One major has retained strong prospects while its current market price retreated modestly. The combination offers attractive payoff potentials with strong odds and non-scary drawdown chances. As usual, there are no guarantees, but in Hess (NYSE: HES) there is a buy candidate. It has ample data to support a reward/risk tradeoff better than 91% of the over 2,000 stocks, ETFs, ADRs, and indexes that we cover. None of the other big integrated oils is as favorably priced relative to the potentials they present.
Two exploration and production stocks meet our buy recommendation investment hurdle. They are Southwestern Energy (NYSE: SWN) and Ultra Petroleum (NYSE: UPL). SWN now is the stronger choice if there is need for only one, ranking better than 95% of our covered stocks. But UPL is also a good candidate, ranking better than 91% of the others.

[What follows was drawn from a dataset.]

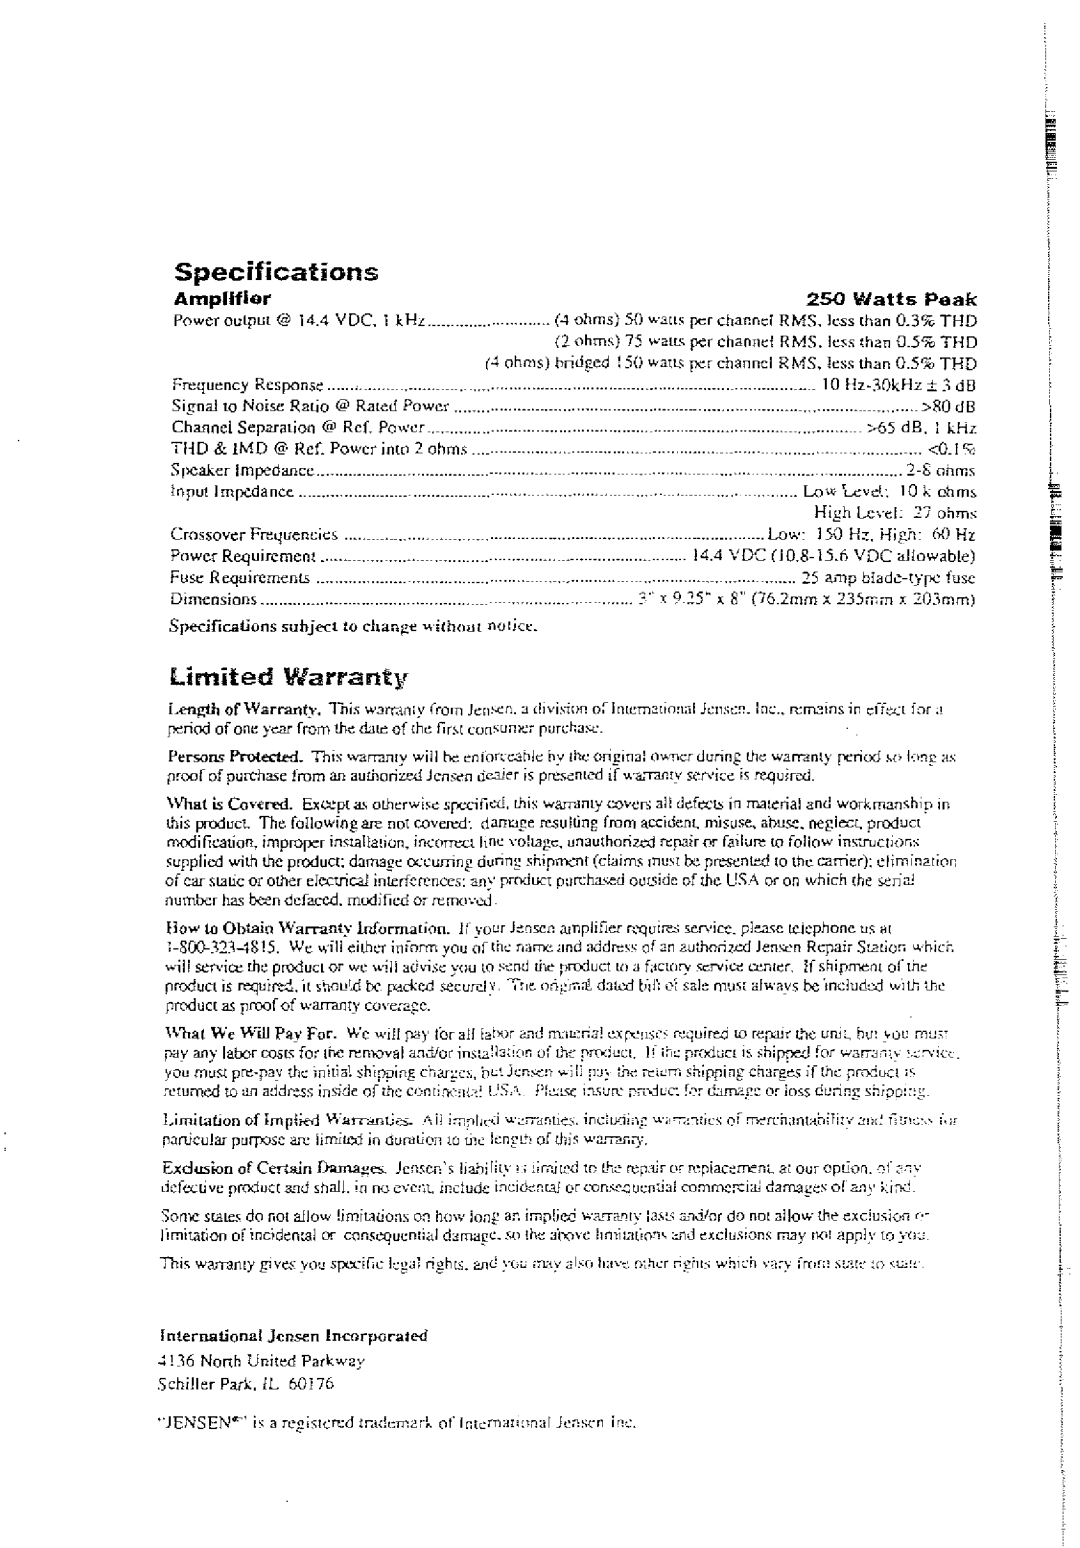 Jensen A222HLX owner manual Specifications, limited Warrant, Amplifier, Watts Peak, S ohms

[Among] oil services and transportation companies, two stocks have good profit-making appeal. World Fuel Services (NYSE: INT) has pulled back slightly to 44 from its recent rally high of 48. The market-makers see their big fund clients likely to push it over 50, an upside of +14%. Past gains in the three months following the forecast dates when INT had at least as favorable a set of expectations, averaged 23%. On 160 different daily occasions. The second buy candidate in the group is Tenaris (NYSE: TS), a major worldwide supplier of pipe to the oil & gas industry. TS is a good second choice to INT, with a reward-to-risk ranking better than 91% of our research population.